Nevertheless, The Washington Times is doing its best to bulwark GOP talking points in advance of what hopefully will be a serious reexamination in July of whether the Senate rules are currently broken and must be fixed with filibuster reform. As president of the Constitutional Accountability Center Doug Kendall explained in a recent op-ed, Senate Republicans have a lot to lose if their unprecedented obstructionism is curbed, which explains the right-wing media's frantic spin. From the Reuters op-ed:

So what is Grassley serious about? It looks like he is intent on maintaining conservative dominance over the D.C. Circuit.

As Pulitzer prize-winning columnist Steven Pearlstein explained in the Washington Post, “Dysfunctional government has become the strategic goal of the radical fringe [on the political right]. ... Nowhere has this strategy been pursued with more fervor, or more success, than the U.S. Court of Appeals for the District of Columbia Circuit, where a new breed of activist judges are waging a determined and largely successful war on federal regulatory agencies.”

This war on federal agencies is succeeding because the D.C. Circuit is dominated by conservatives -- four of the court's seven current active judges are Republican appointees, as are five of the six senior judges, who also regularly hear cases.

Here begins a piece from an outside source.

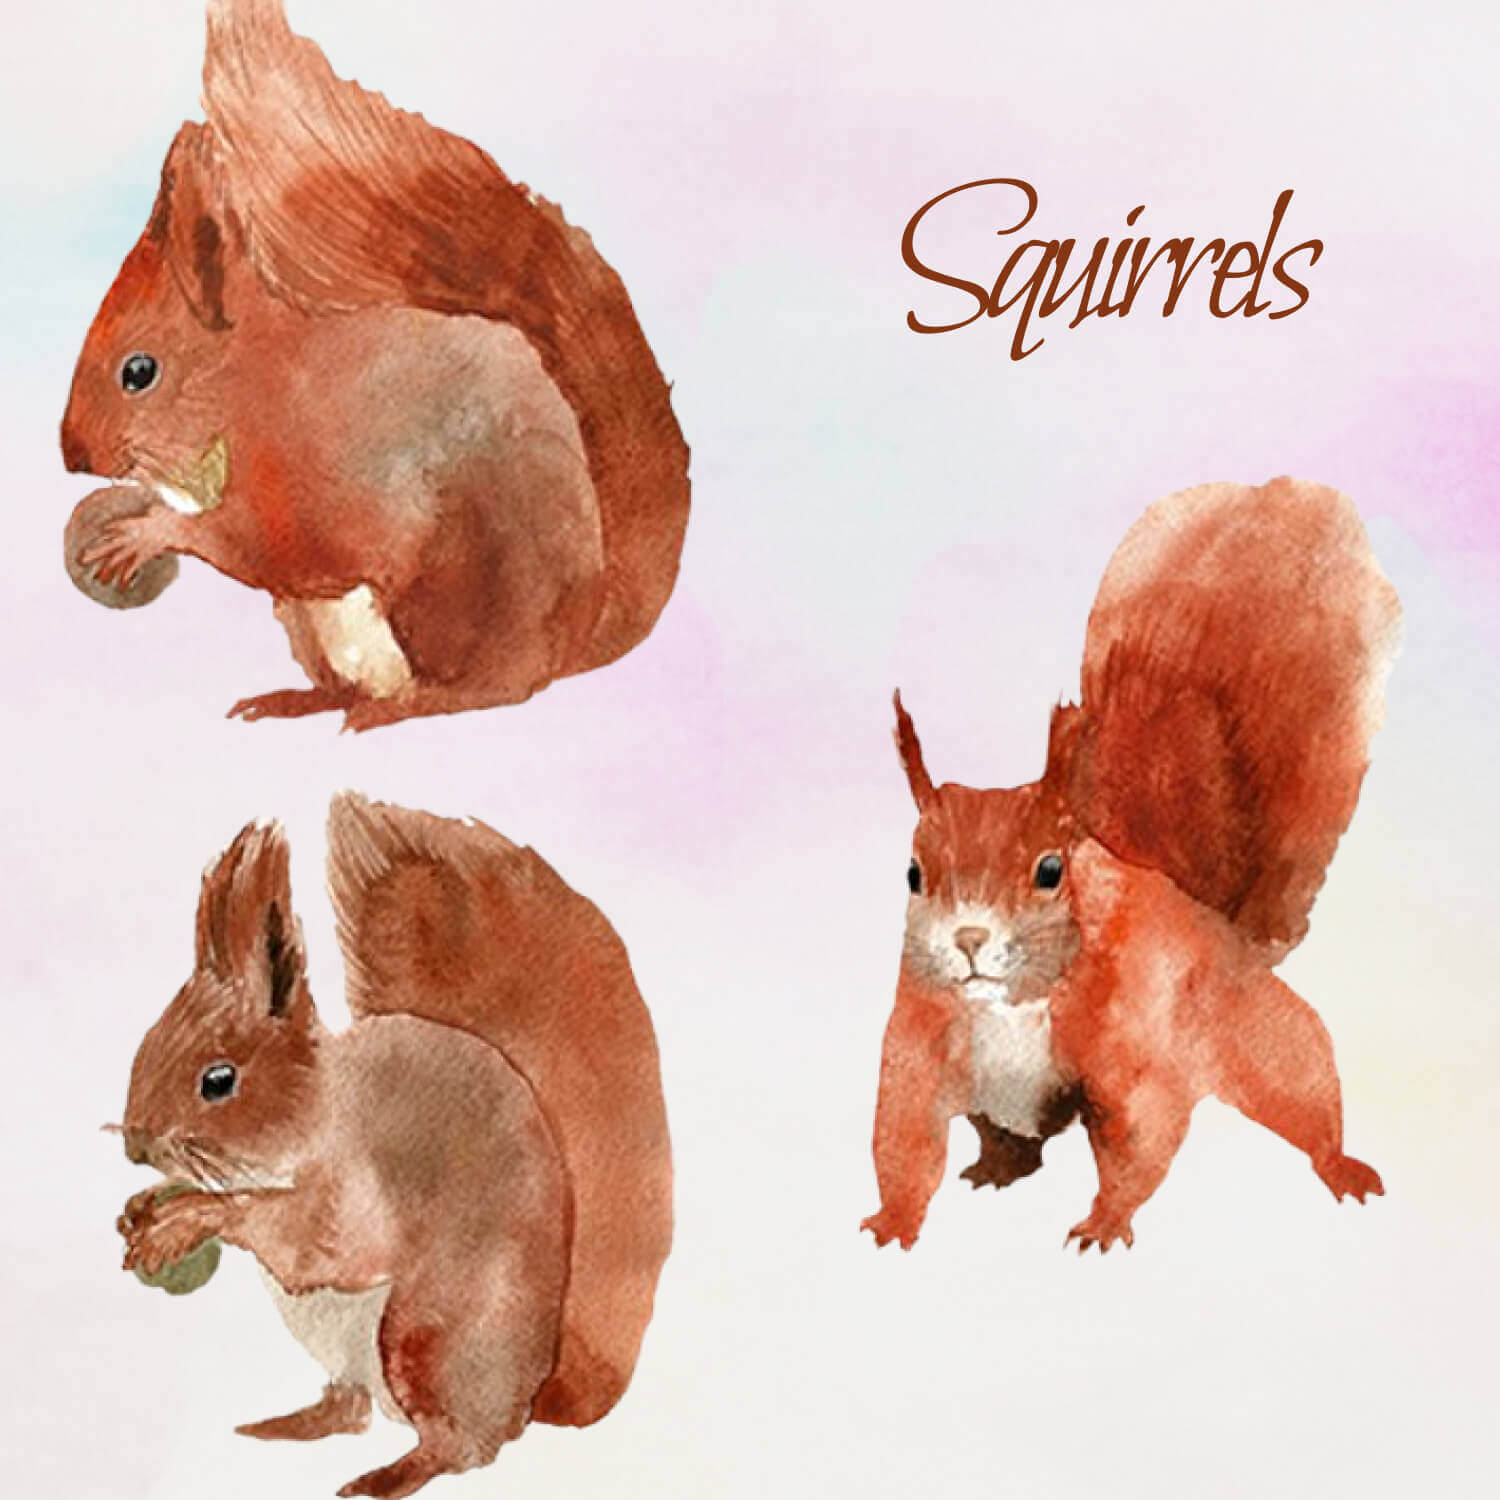 Squirrels with nuts painted in watercolor.

Ideology matters because the D.C. Circuit has exclusive jurisdiction over many federal laws and regulations involving a host of issues including national security, environmental protection, food and drug safety and employment laws.


It makes twisted political sense that Grassley and his colleagues would fight furiously to protect their ideological advantage on a court that is advancing an anti-regulatory agenda without congressional Republicans having to lift a finger - but that doesn't make these efforts right.

The Constitution gives the Senate the duty of providing “advice and consent” on the president's judicial nominees. It doesn't give Grassley - or any other senator - the right to play political games that hurt the judiciary and the country.